> _YOUR OBJECTIVE_
Write out the whole listing exactly; no images belong in it.
[[ PROVIDED MATERIAL, beginning ]]
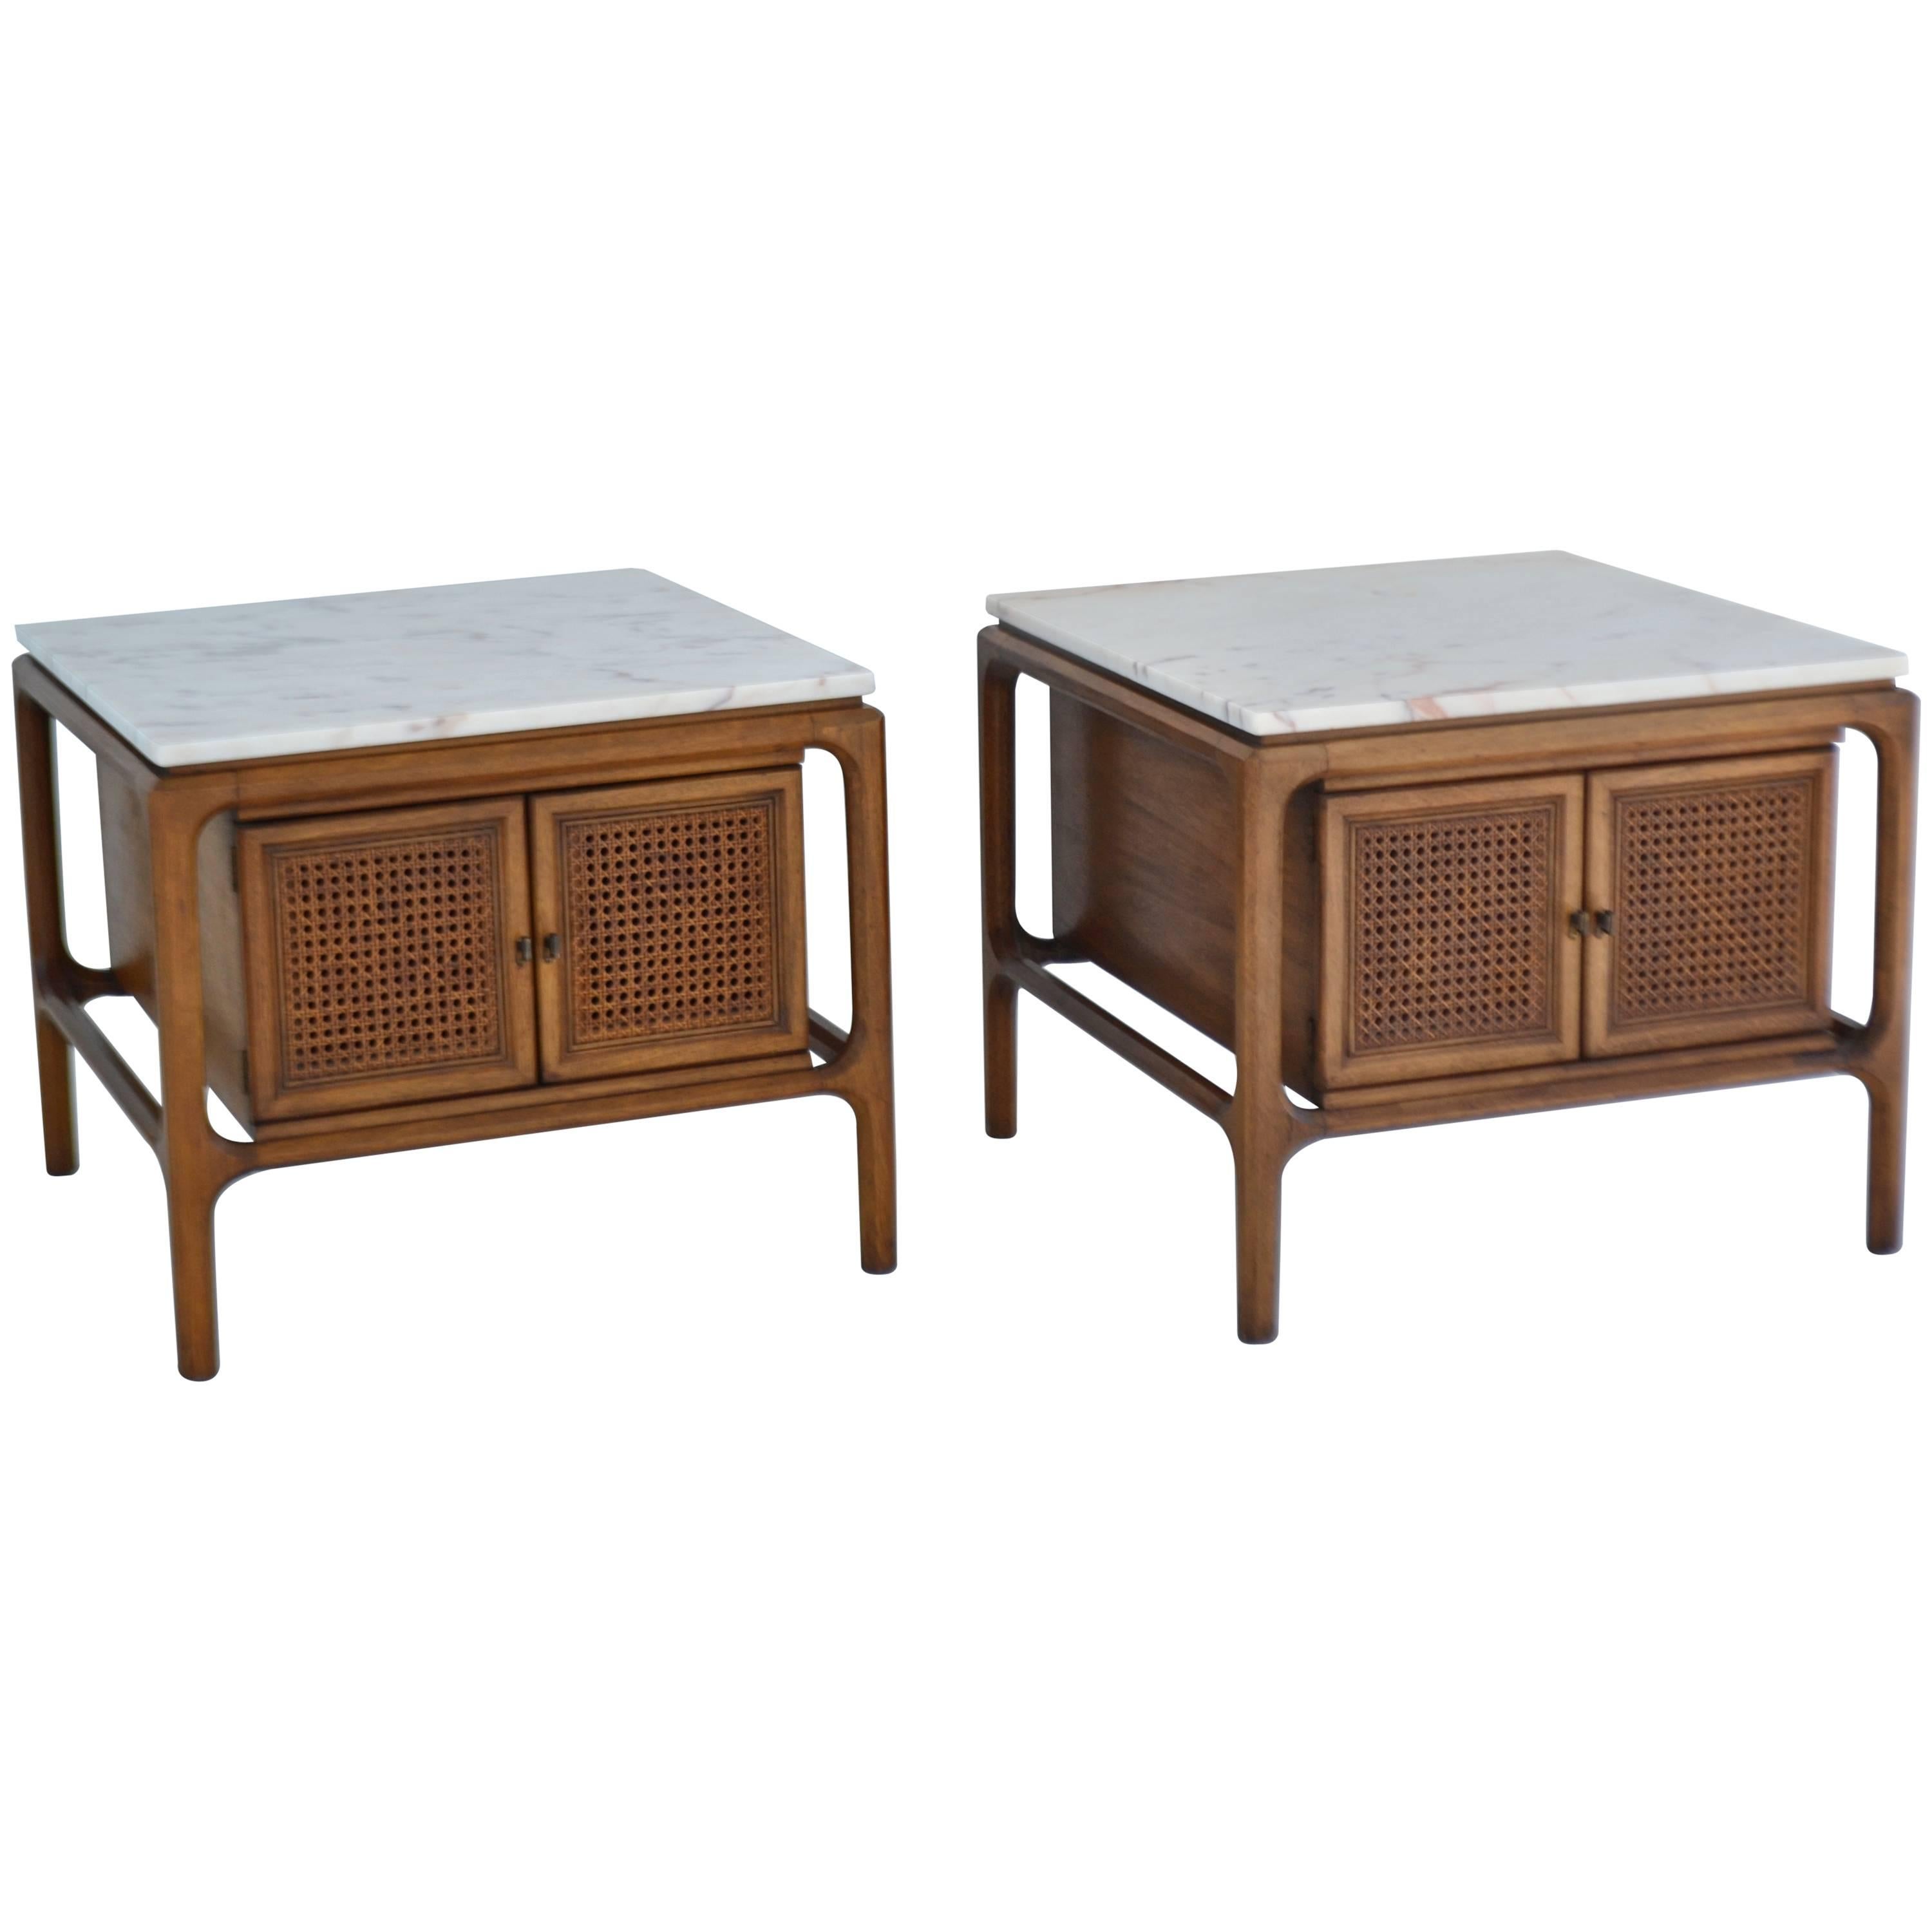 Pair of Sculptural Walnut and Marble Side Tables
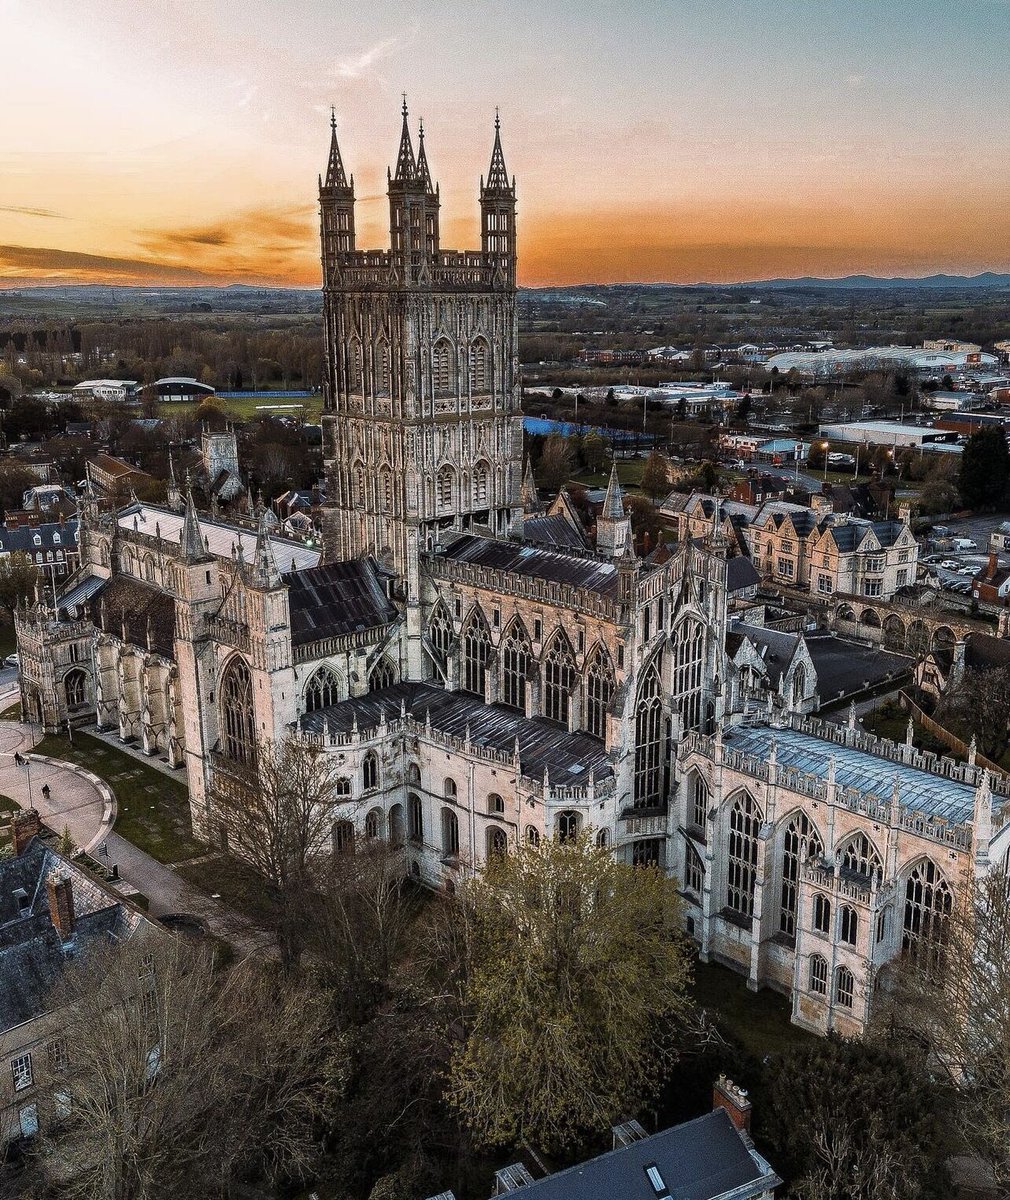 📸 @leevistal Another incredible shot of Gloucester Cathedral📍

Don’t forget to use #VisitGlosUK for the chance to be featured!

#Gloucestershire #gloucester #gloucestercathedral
[[ PROVIDED MATERIAL, end ]]
> _EXERCISE OUTPUT_
 Pair of Sculptural Walnut and Marble Side Tables
 📸 @leevistal Another incredible shot of Gloucester Cathedral📍

Don’t forget to use #VisitGlosUK for the chance to be featured!

#Gloucestershire #gloucester #gloucestercathedral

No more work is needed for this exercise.